Is this correct? If not, correct it.

Homework Equations

The Attempt at a Solution

For part a I would intuitively assume that it is infinitely-valued since z^1/n has n values and \sqrt{2}=1+4/10+1/100+4/1000... so its denominator is approaching infinity. But this isn't exactly mathematically sound reasoning since referring to the "denominator" of an irrational number doesn't make any sense.
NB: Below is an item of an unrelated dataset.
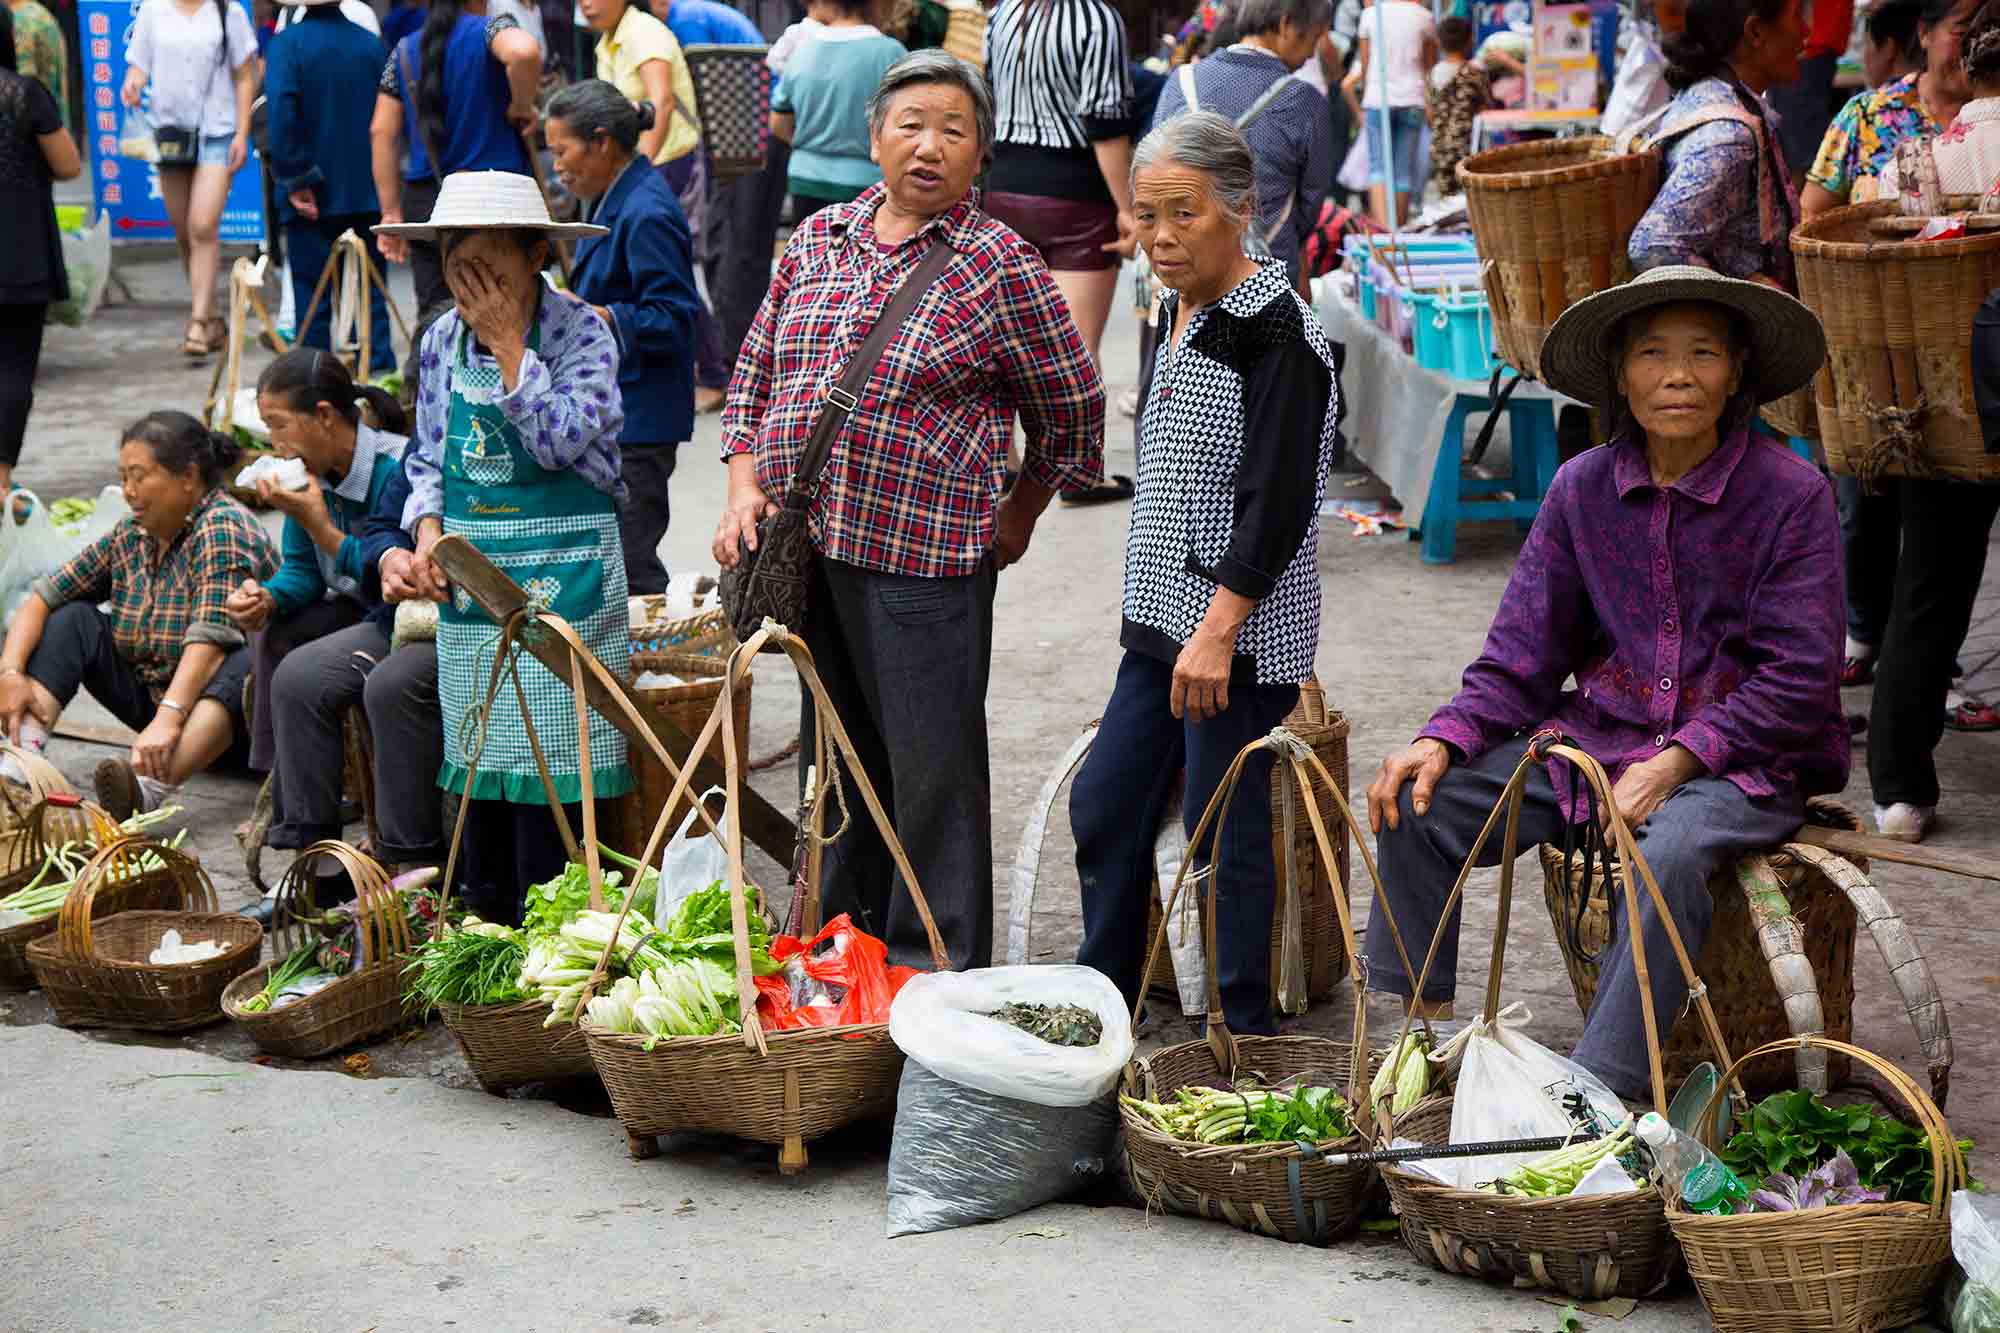 Market scene in Luobiao, China. © ULLI MAIER & NISA MAIER

For part b nothing really jumps out at me as being incorrect, except that it's conclusion disagrees with my belief for part a. It seems like all the steps are mathematically sound, unless there is some reason that you can't simplify e^ln(z) to z, in which case ln(z) being infinitely-valued would make the whole thing infinitely-valued

 

[SammyS]

For part b:
What two values does \sqrt{2} have ?

 

[willybirkin]

The positive and negative square roots of 2. Or, if you consider 2 to be complex with imaginary part 0 and real part 2, root(2)e^ik\pi with k=0,1.

 

[Hurkyl]

For the most part,
e^{ab} \neq e^a e^b


Also, whether or not \sqrt{2} is a multi-valued number depends on what precisely you mean by the notation -- two different conventions both make sense. Does your textbook state its convention anywhere?

 

[willybirkin]

Wow, I can't believe I missed that. Well then, after some manipulation that equation ought to become r^\sqrt{2}e^{i\sqrt{2}(\theta+2k\pi)} which unless I'm mistaken shouldn't ever be able to return to the original \theta, making it infinitely valued.